Шиндлер был литературной абстракцией; он ворвался в жизнь из сентиментальной повести - верный друг, состоящий при великом человеке. Он не играл этой роли, да и повесть такая ему, вероятно, никогда не попадалась. Шиндлер знал толк в музыке и искренне боготворил Бетховена. Но если бы судьба не свела его с Бетховеном, он был бы преданным слугой при другом великом человеке. Обязанности его были тяжелы и неблагодарны; именно поэтому они как нельзя более подходили Шиндлеру. У него на всю жизнь повисло на лице грустное выражение. Все неизменно о нем говорили, что он предан Бетховену как собака, и все были правы.
День концерта Шиндлер провел с Бетховеном. Велел кухарке подать то, что любил старик: селедку с печеным картофелем, яичницу с луком и колбасой, макароны с пармезаном, бутылку красного баденского вина; сам приготовил кофе, отсчитав ровно шестьдесят зерен на чашку, как требовал Бетховен. Обед сошел благополучно: старик не ругался ни с Шиндлером, ни с кухаркой, не швырялся тарелками; он даже пробормотал что-то похожее на благодарность Шиндлеру за его заботливость. Шиндлер был счастлив. За два часа до начала концерта он вынул из шкафа зеленый фрак (черного у старика не было), почистил щеткой и с душевной болью говорил, что при вечернем освещении этот зеленый, в сущности темно-зеленый, костюм, наверное, сойдет за черный. Незадолго до начала концерта Бетховен сел за пианофорте. Шиндлер встревожился: ехать надо было далеко, перед концертом следовало бы отдохнуть. Но он не чувствовал себя способным отрывать старика от игры. Шиндлер сел на диван и заслушался. Бетховен фантазировал: его фантазия не имела на этот раз ничего общего с темами той симфонии, которую сегодня играли в театре. Шиндлер знал, что она больше не интересует старика, и догадывался, что играет он что-то из задуманной им новой, десятой симфонии. Следить было трудно. Бетховен все время перескакивал с одной темы на другую. «Слышит ли он то, что играет?» - спрашивает себя в сотый раз Шиндлер и, как всегда, приходил к мысли, что слышать старик не может (он оркестра не слышал в нескольких шагах расстояния) и все же каким-то непонятным образом слышит. «Вот когда бы художникам его писать, - думал Шиндлер, глядя на Бетховена и чувствуя перед собой непонятное, недостижимо высокое явление. -И как он прав, когда говорит, что в искусстве он ближе к Богу, чем все другие люди!..»
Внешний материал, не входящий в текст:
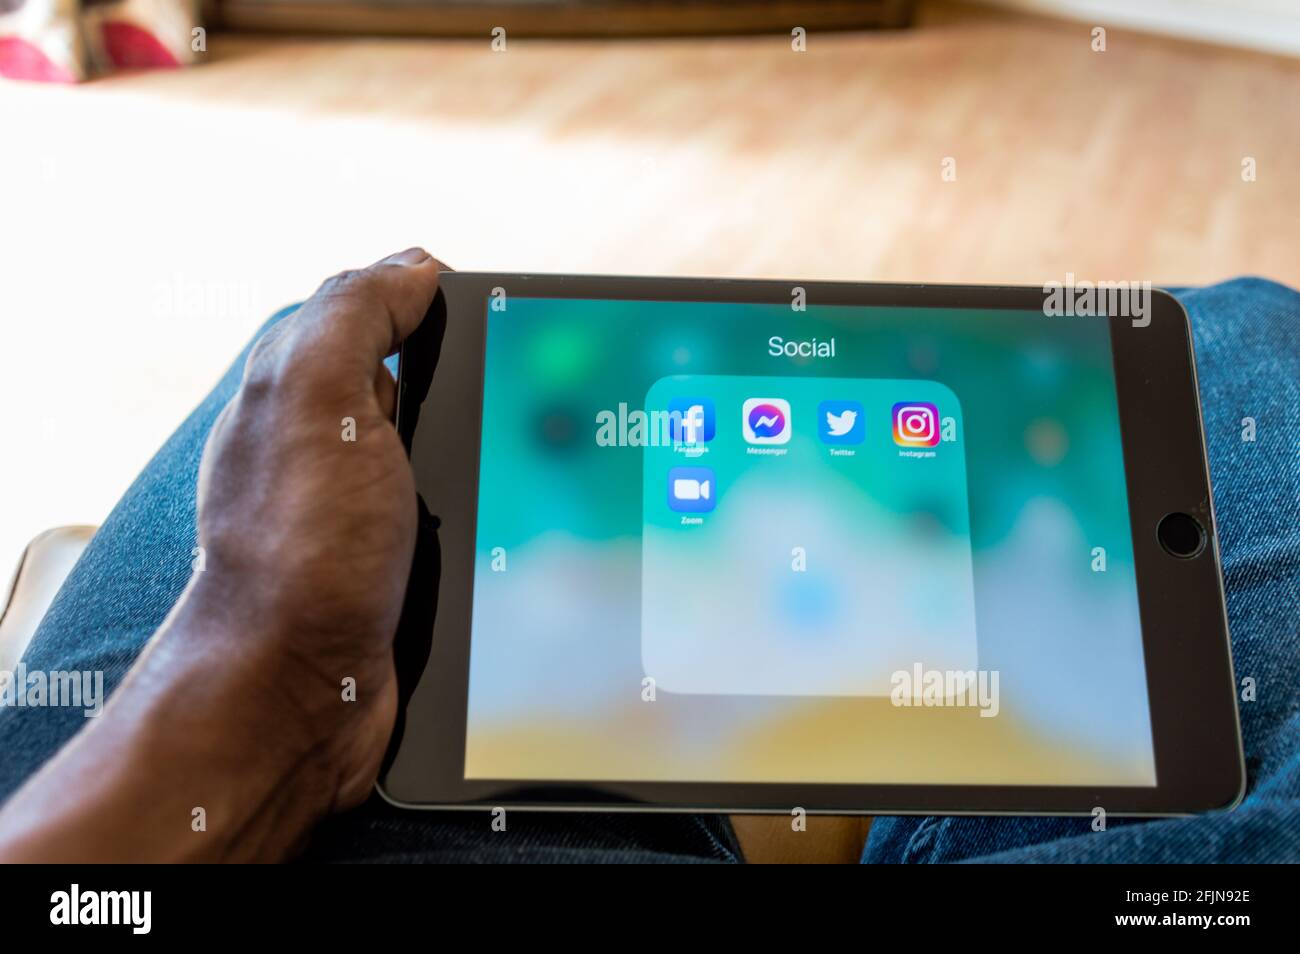 Adult male looking at Social media icons on ipad Stock Photo

Посоветовавшись с Шупанцигом, Шиндлер решил до окончания концерта ничего не сообщать старику о денежных результатах концерта: пусть хоть симфония с хорами доставит ему утешение. По началу концерта, по настроению в зале оба они видели, что прием будет горячий и что овации Бетховену обеспечены: публика его жалеет и знает, что ему жить уже недолго.
Шиндлер и Шупанциг робко вошли в комнату, предназначенную для артистов. Старик сидел в той же позе, в какой его застала Зонтаг.
- Meister, r?stet Euch!{44} - закричал Шиндлер, нагнувшись к самому уху Бетховена. Кон траст между его успокоительными словами и диким криком был так силен, что Шупанциг вздрогнул.
Бетховен тяжело поднялся с кресла и уставился бешеными глазами на вошедших.
- Ich bin gekocht, gesotten und gebraten{45}, - сказал он и быстро направился к эстраде. Шупанциг маленькими шажками побежал за ним.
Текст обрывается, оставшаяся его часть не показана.